But he went further and claimed an actual superposition of alive and dead states which a little thought shows it utterly impossible.

Without going into why, but we know it's an observed fact here in the macro world (we do know why but its not really relevant here here) the cats constituent parts have definite position. The position of those parts of alive and dead cats are totally different eg alive cats breathe and their heart beats - dead cats do not. Since cats actually have definite position, like virtually all objects here in the macro world, you can't have a superposition of position - this is from the very foundations of QM. So you can't have a macro object like a live and a dead cat in superposition. Yes I know the great Dirac states in principle you can have a superposition of any two states - but what is, for theoretical convenience considered true, in principle (it's given a name BTW the strong superposition principle and is used a lot in the the foundations of QM) is not always true in practice for various reasons like the above.

Thus the issue is exactly as Peter said - one branch is alive - the other dead - an actual superposition is not possible.

Personally my view is MW is just the consistent histories interpretation where QM is the stochastic theory of histories with the twist each history happens in its own world. In that way we just have an evolving state for the whole universe - or maybe multiverse if some cosmological theories are correct. Which is better - it's purely a matter of taste.

Thanks
Bill
 
  • #51
PeterDonis said:
Bear in mind that, when we talk about conscious observers like ourselves, the MWI is making an assumption (IMO a very big one): that each term in the entangled state I described has a separate consciousness associated with it.

Indeed. Its goes right to the foundations of the decision theory approach they use to derive the Born Rule. Its a not usually talked about way to view probability.
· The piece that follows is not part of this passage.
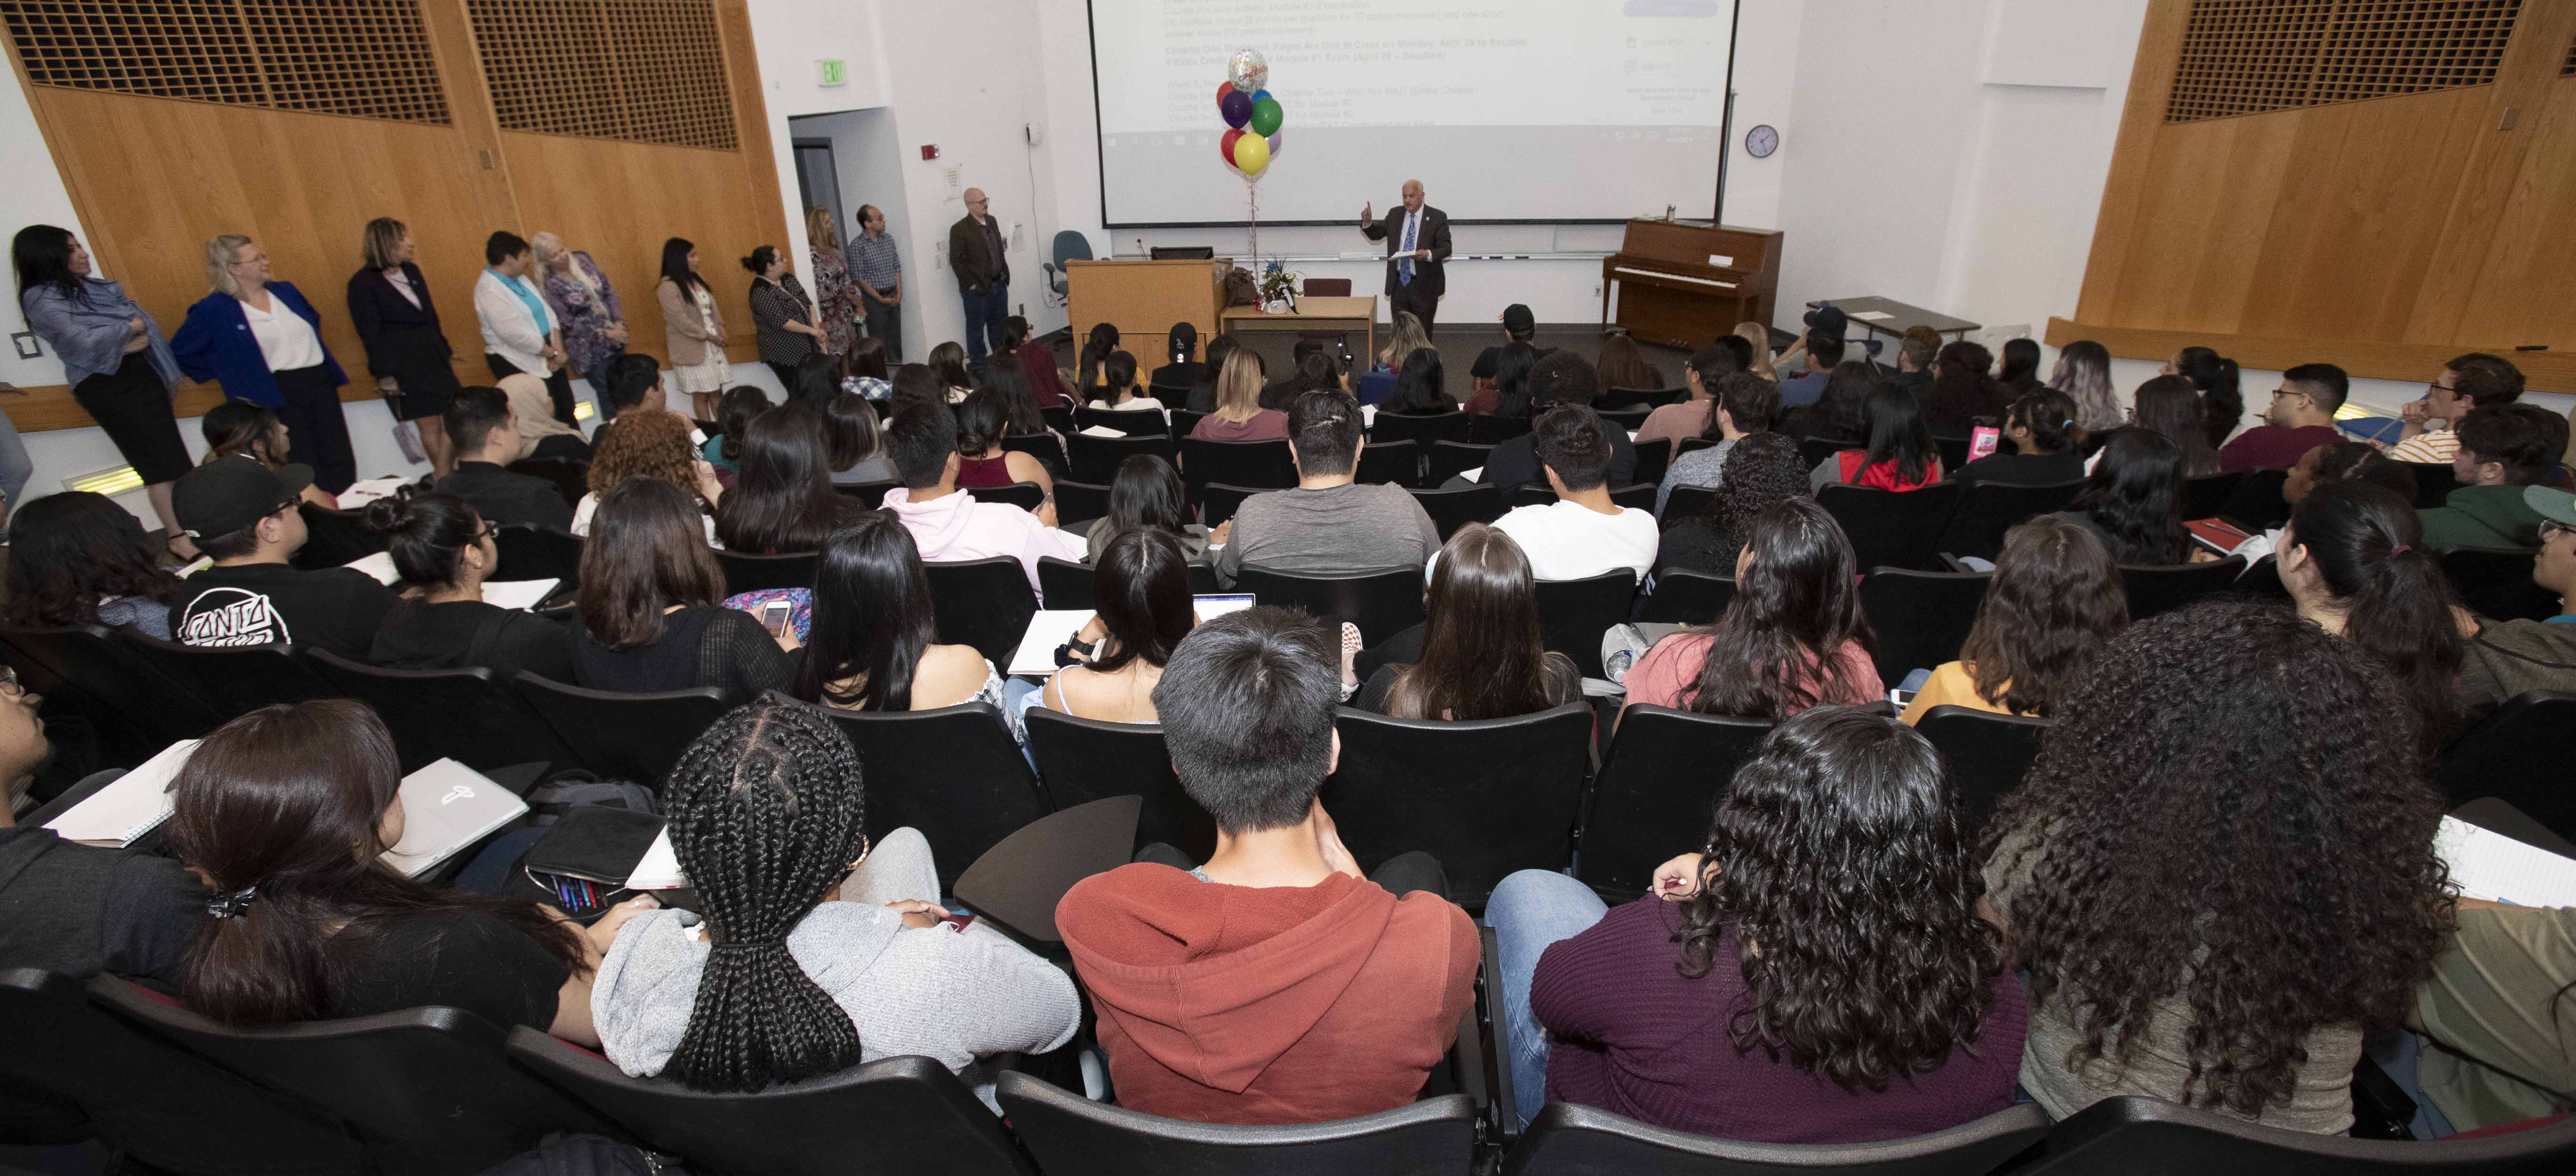 Grisham’s Social Sciences 165 class on April 22 was interrupted by a delegation led by university President Tomás D. Morales along with 25 senior administrators and faculty members barging into his classroom to make the announcement.  
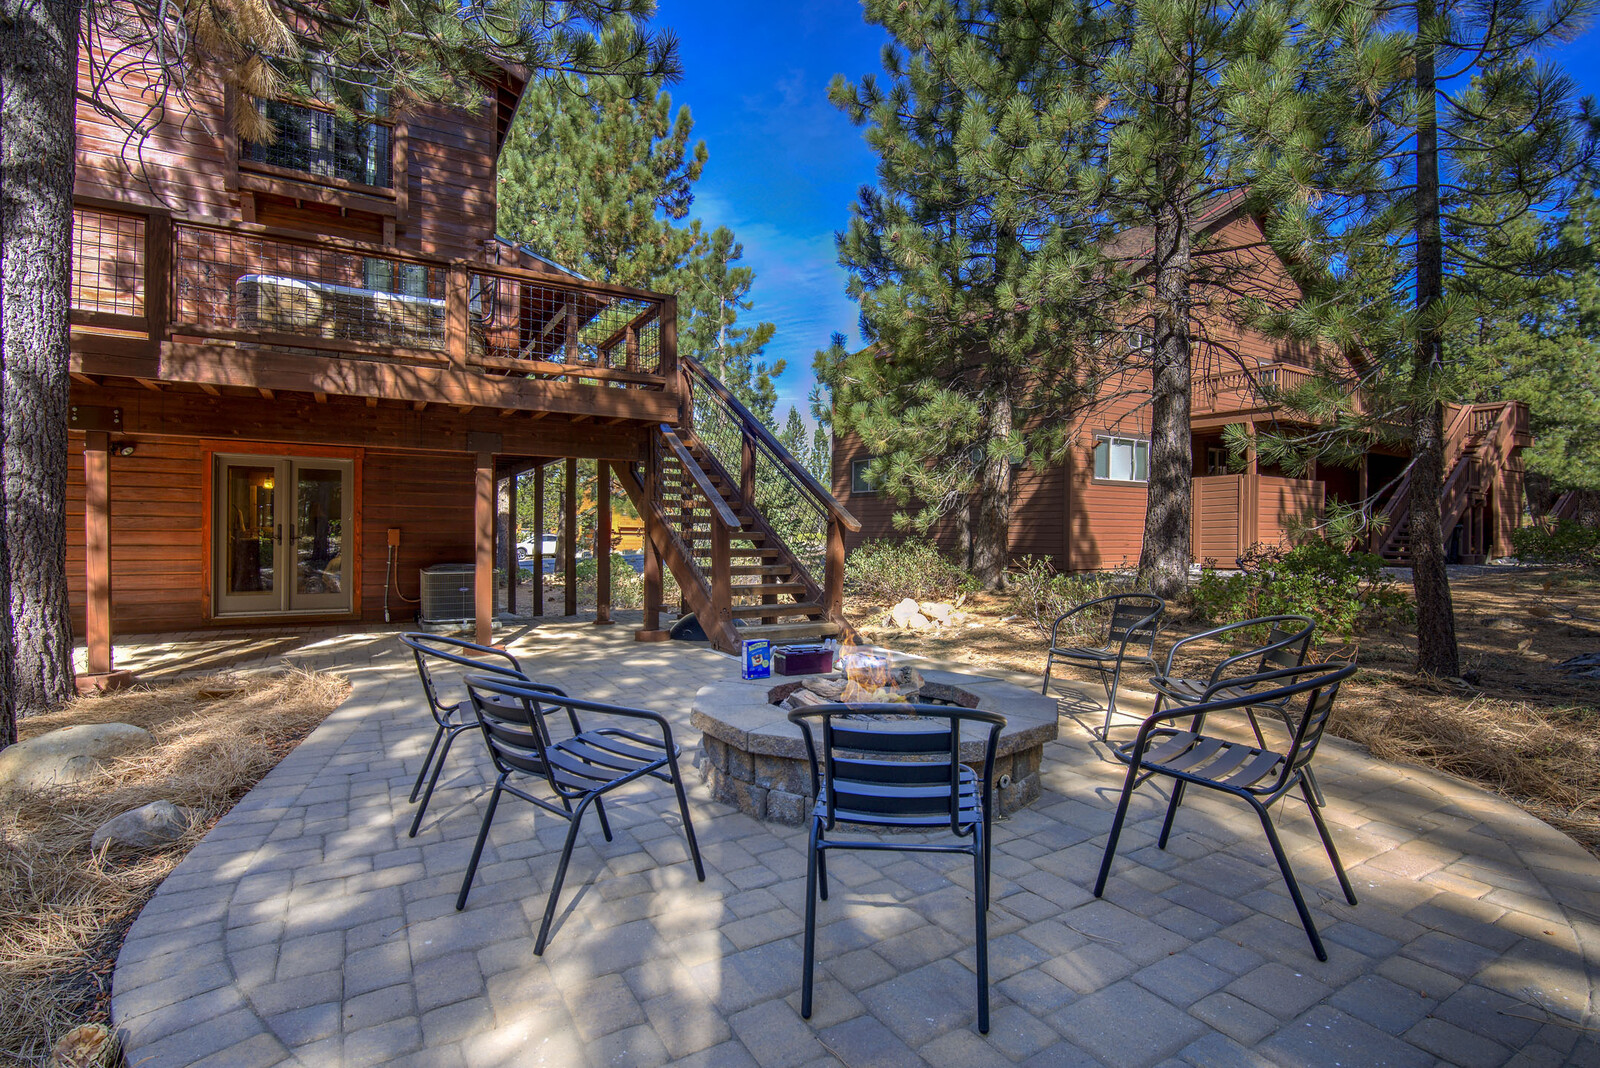 Tahoe-Donner-Vacation-Rental-Wolfgang-fire-pit5

But some areas of applied math use it like credibility theory used in actuarial science.

Thanks
Bill
 
  • #52
PeterDonis said:
Bear in mind that, when we talk about conscious observers like ourselves, the MWI is making an assumption (IMO a very big one): that each term in the entangled state I described has a separate consciousness associated with it.

You just mentioned earlier that "There are no such "versions" of you in the MWI. So this question is also not well-defined.". And yet above you said MWI is making an assumption that each term in the entangled state I described has a separate consciousness associated with it.

You mean your MWI or PF MWI is different from the mainstream MWI? Who are the public authors who said that in MWI each term in the entangled state has a separate consciousness associated with it?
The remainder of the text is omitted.